ASIC themselves admit to numerous prior inquiries to the fund and marketing engine and they did nothing.
It is sadly trio capital all over again.
Must be nice to stand on a high horse?
I agree it may look good but under SIS the trustee has to act in the members best interest.
If Netweath did not pursue a LEGAL and VALID claim for loss via the appropriate channel, surely they are failing in their obligations under SIS?
Also it is an application – the compensation fund will determine if the claim is successful.
I do NOT work for NetWealth but find it hard to stomachache when a quick comment is made without a foundation in understanding the obligations of a trustee.
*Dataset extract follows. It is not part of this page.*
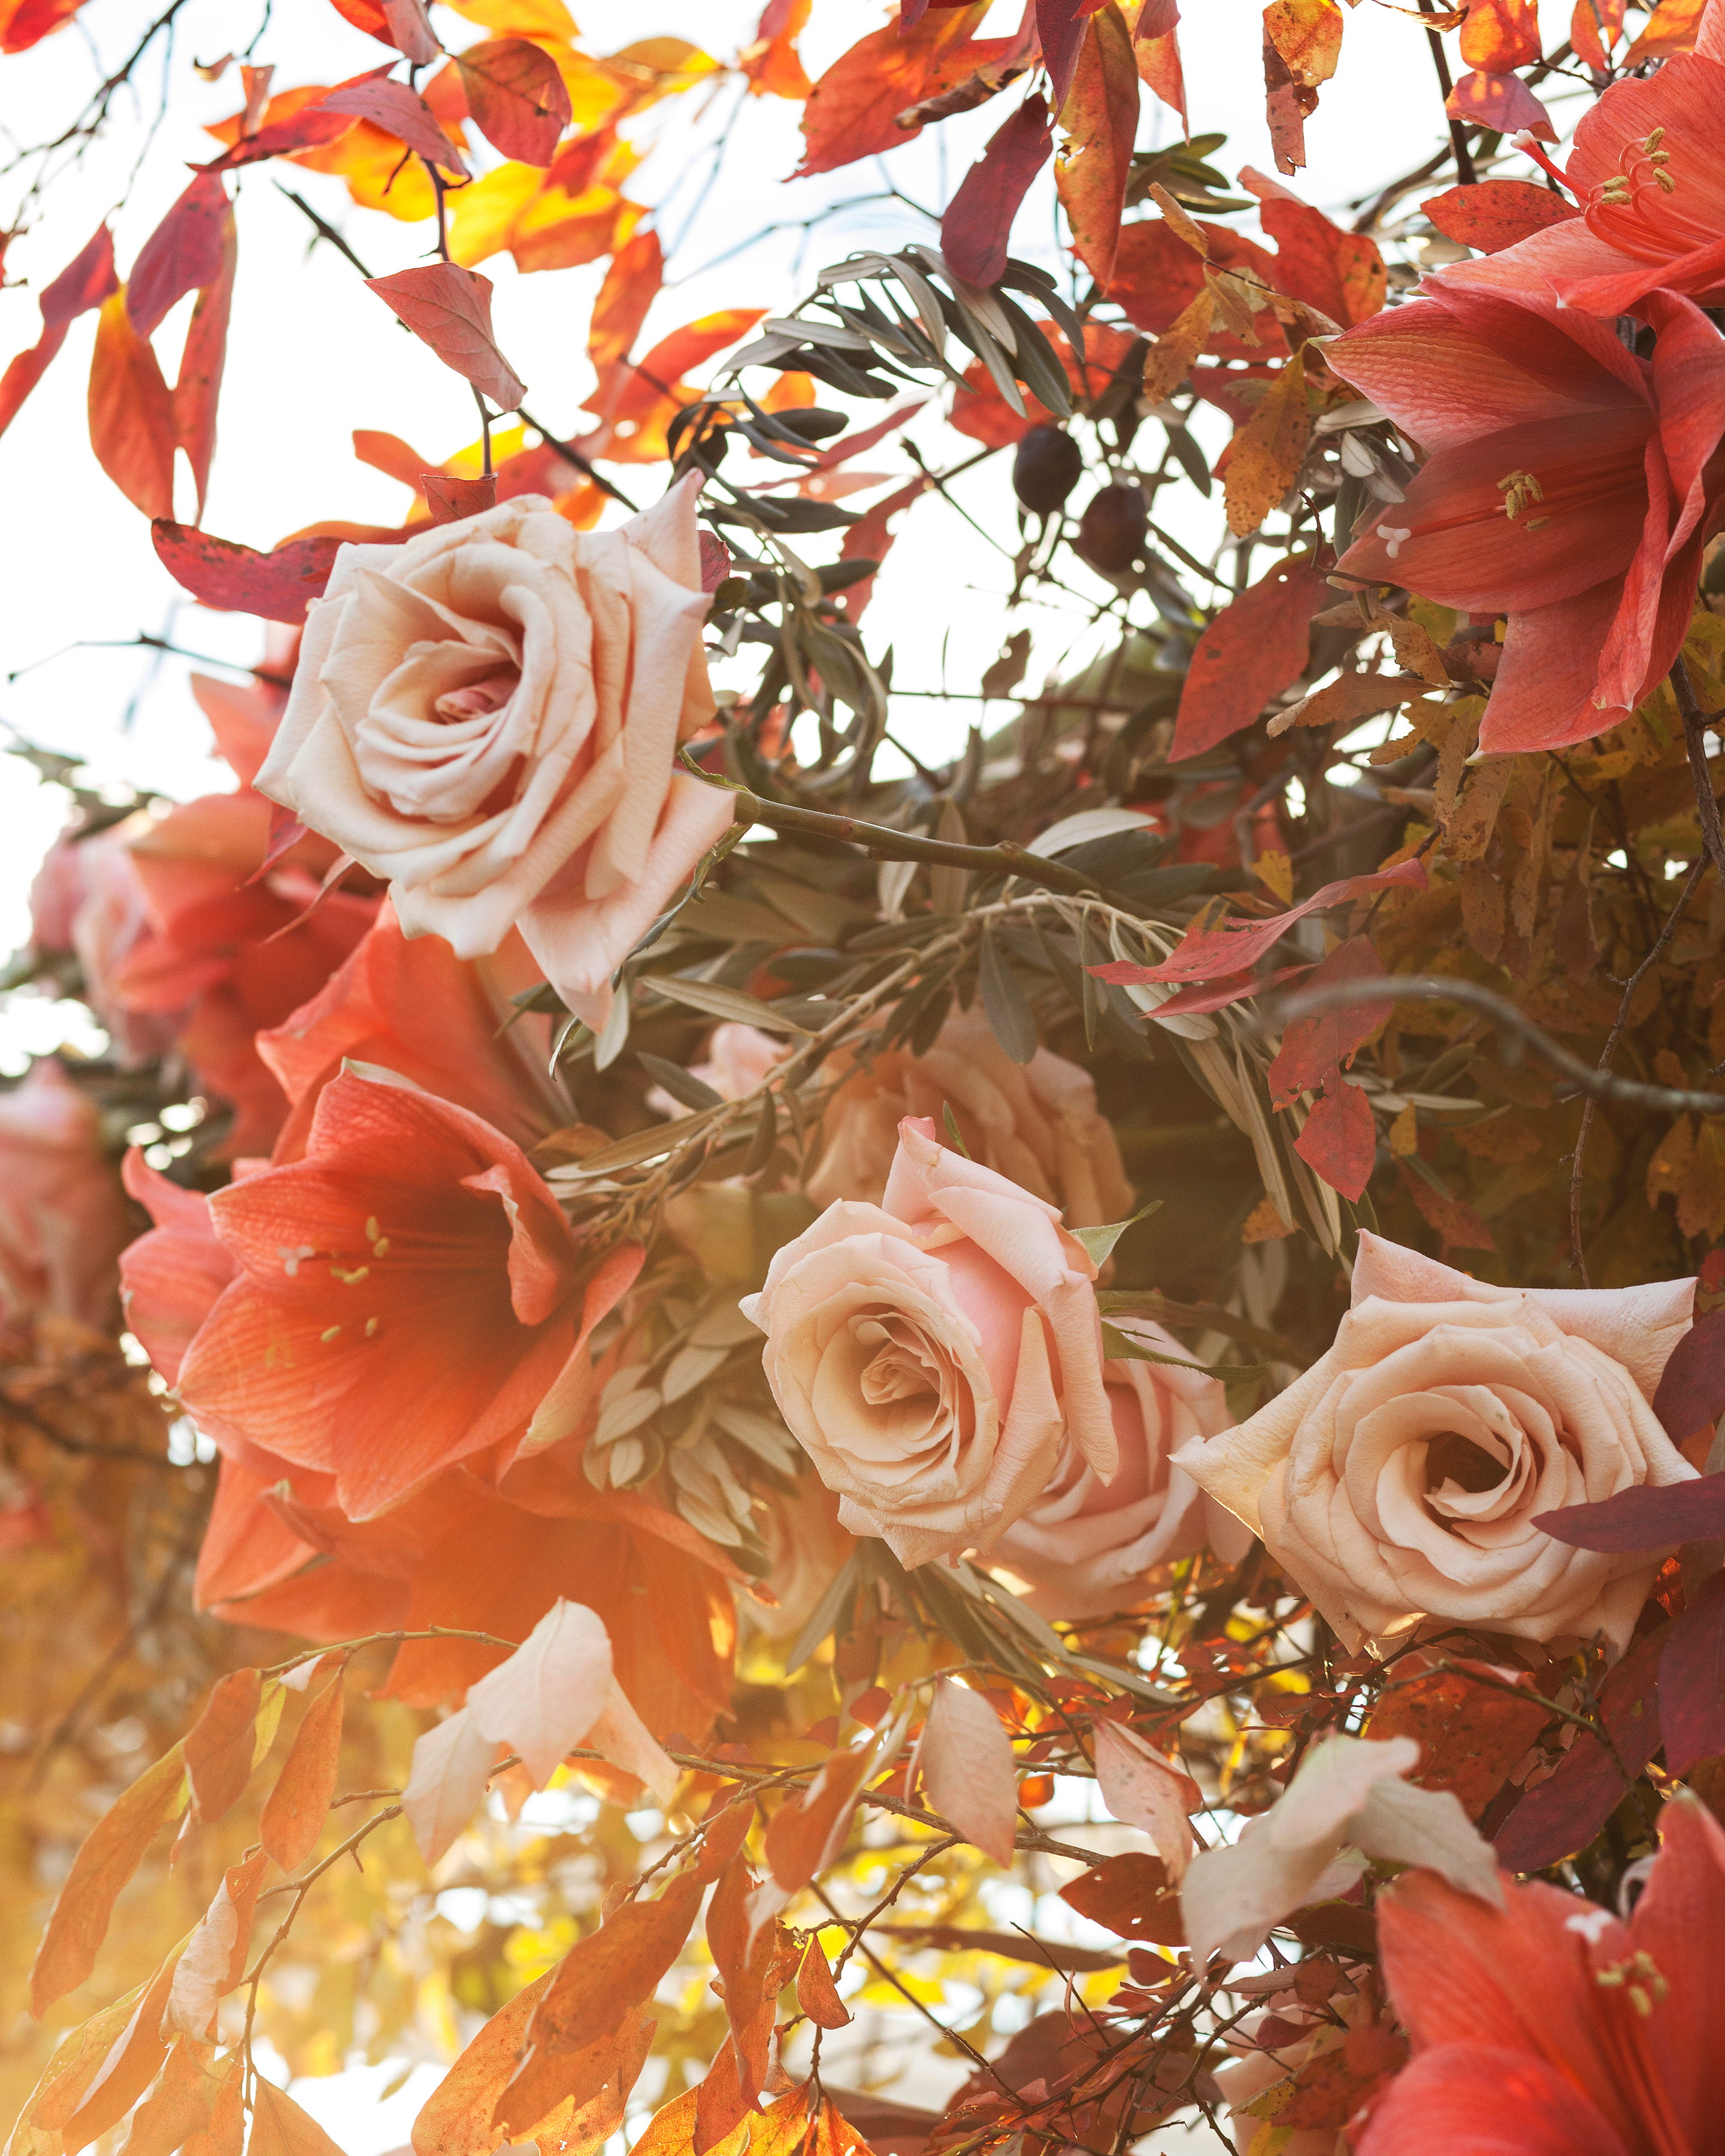 hanna-jimm-wedding-flowers-054-s111413-0814.jpg

No is the simple answer. First Guardian did not appear on the Netwealth platform by magic. Whilst the end result is the result of fraud, there were plenty of warning signs and the potential lack of the liquidity in the investment should have been a big enough red flag. Poor due diligence by the trustee.
100% agree..Why is it that tax payers are expected to bear the cost of poor administration by the trustees?
Tax payers or financial advisers to foot the bill?
Why is it that innocent advisers are expected (via CSLR) to bear the cost of:
– poor administration by trustees?
– incompetence by research houses?
– conflict and incompetence by licensees?
– incompetence and wilful neglect by ASIC?